Now we are already 12 version further, after using all the feedback from the users and some brainstorming ourselfs.
Hope you will find the tool useful. Please mail us your suggestions or feedback.
How does it work
There are three parts in the screen for selecting the countries and settings.
The first part is on the upper left corner. Here you can search and select countries. In the search box you can type several letters and the list of options appears, select the country/region by clicking on it. The country/region will appear in the graphs. You can also select all regions of a country in one go (if regions are available) by searching for that country and scroll to the option "all regions...".
It's also possible to select global regions like Africa and Europe.
You can remove the countries/regions from the selection by clicking on the small x next to each country. You can change the line color by clicking on the colored dot and selecting another color.
The second part, just below the selection of countries, is for setting up the starting point. You have four options. For the first three options you create a graph with on the horizontal axis the number of days since since the choosen starting point. This means countries won't be synced in calender time any more on the graph.
The options are:
- Events: select an event type as starting point. If you pick this one, you can change the event type below it. Please be aware that we don't have all the events in our database for all countries. So if a country doesn't have a specific event, the line won't show up in the graph because it has no starting point.
- Fatalities: Create a starting point based on the absolute or relative number of fatalities for a country.
- Cases: Create a starting point based on the absolute or relative number of cases (confirmed) for a country.
- Date: Pick a date from which the data should be displayed.
The third part, right from second part, is about changing the way the data is displayed. The toggle switches are:
- Logarithmic scale: switch the vertical axis from linear to logarithmic (power of 10). This means each step up is 10 times the values. Useful for studying possible exponential growth patterns.
- Per (1 million) capita: Switch from absolute number to the numbers proportional to the population (expressed as x per million people). Enables comparing countries with big differences in population size on the relative impact.
- Cut Y-Axis: If there is a lot of blank space below the lowest data point, you can use this option to gain more detail by spreading the data evenly.
- Cases/Fatalities cumulative: switch between new cases/fatalities per day to the cumulative cases/fatalities (all cases/fatalities up to that day
What are the sources of the data
- Population data are mainly from Wikipedia.

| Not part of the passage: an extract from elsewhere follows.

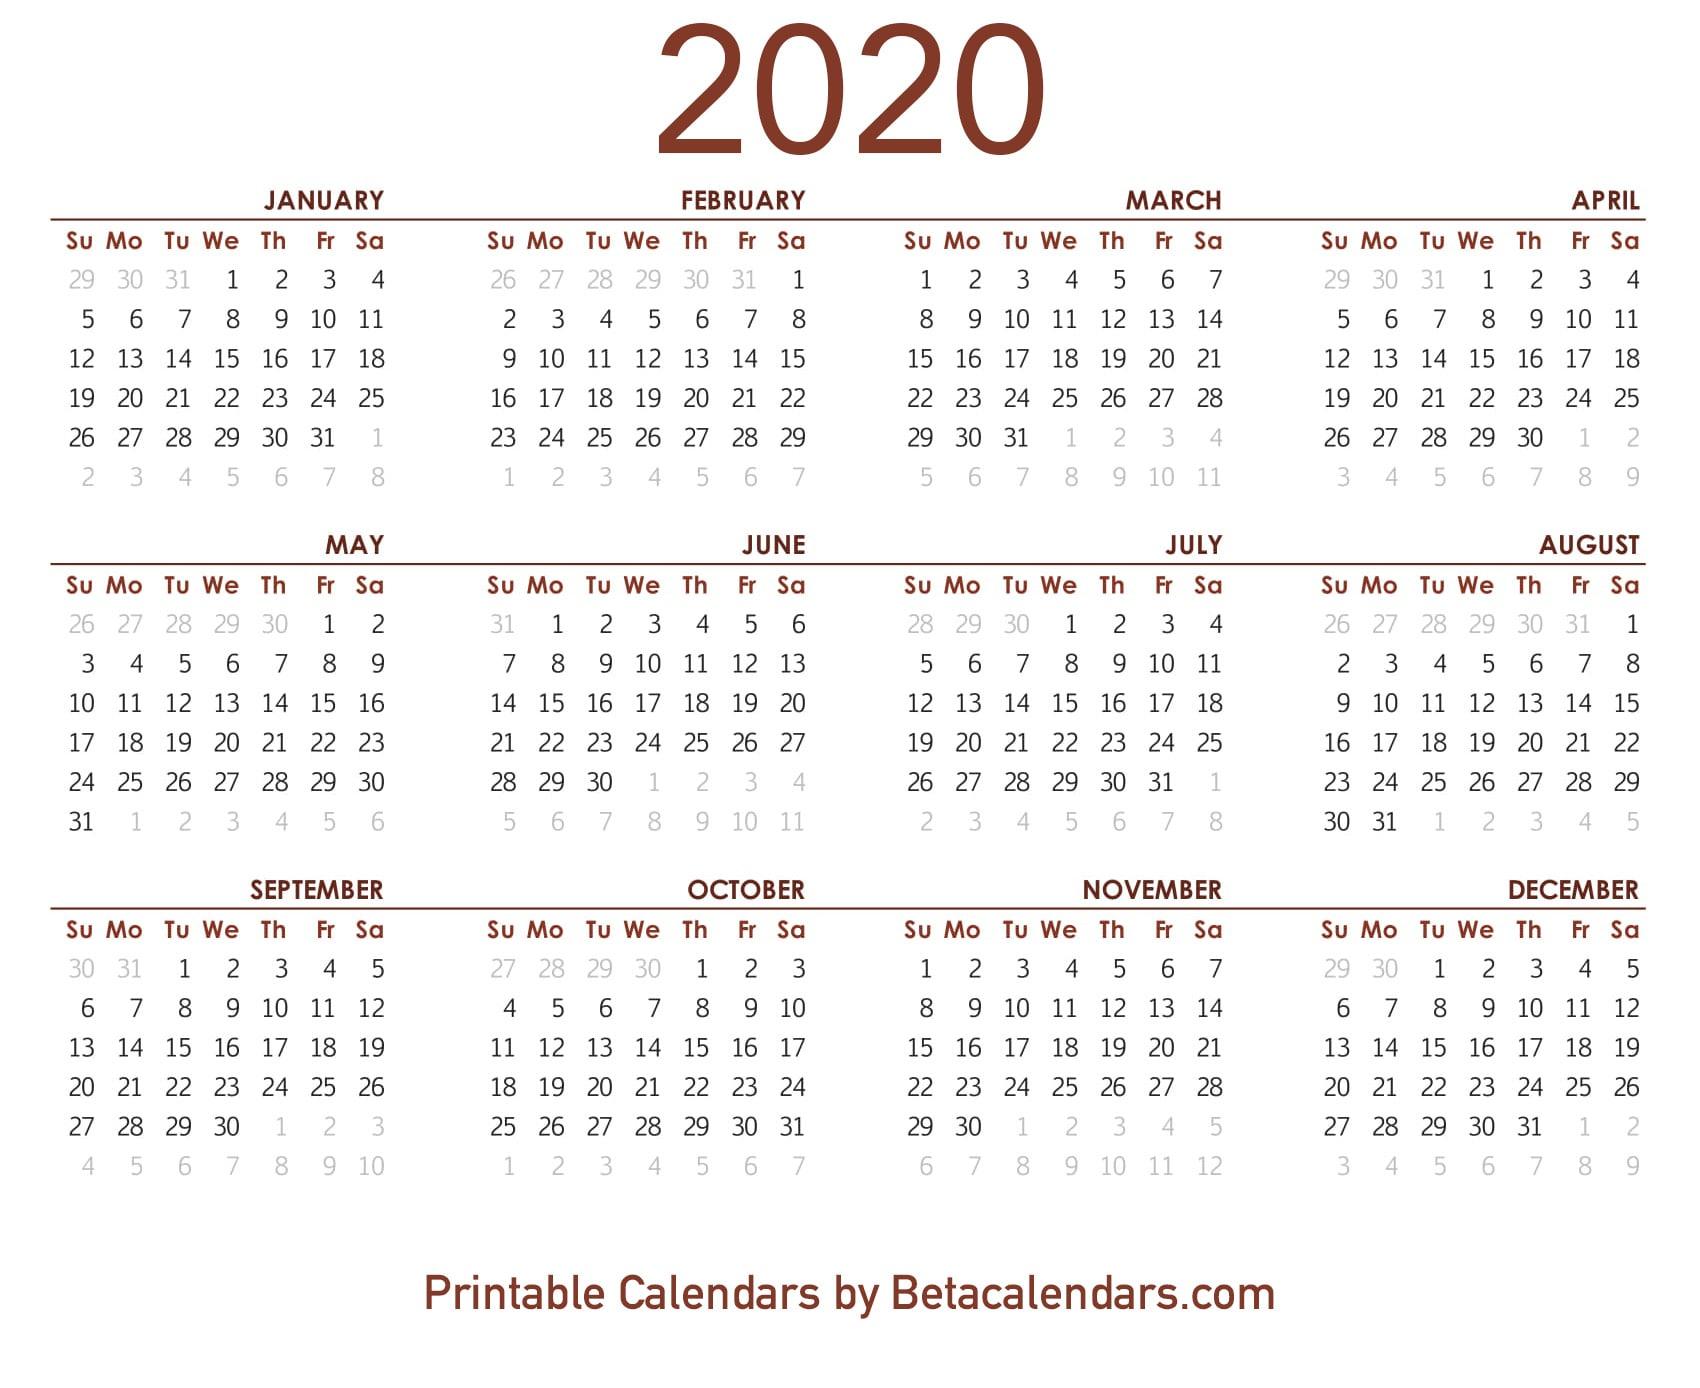 2020 Calendar - Beta Calendars intended for U Of M 2019 2020 Calendar

- The data on cases and fatalities on country level plus the states/provinces from China, Canada and Australia are from Center for Systems Science and Engineering (CSSE) at Johns Hopkins University.
- The data on cases and fatalities on regional level for countries from Europe re from the EU Joint Research Centre (JRC).
- The data on cases and fatalities for the states of the USA are from the New York Times (found via the Humanitarian Data Exchange).
- The events (a manual selection) are from ACAPS.
We use Python to gather and reformat the data. We use Javascript for the tool.
What calculations do we add
In the graphs we use two calculations.
In the cases and fatalities graphs we use a simple smoothing average as the thick line to see through the sometimes noisy data. This is a simple algorithm that takes the value of a point and multiplies it by 7, then it takes both the values one day distant (one in the past one ahead in time) and multiplies them both with 6, then the value 2 days out times 5 and further until you reach 6 days out and multiply those values by 1. You sum all the values and divided them by the sum of the multipliers. Thus you get a kind of centered 15 day average where the nearness gives more weight.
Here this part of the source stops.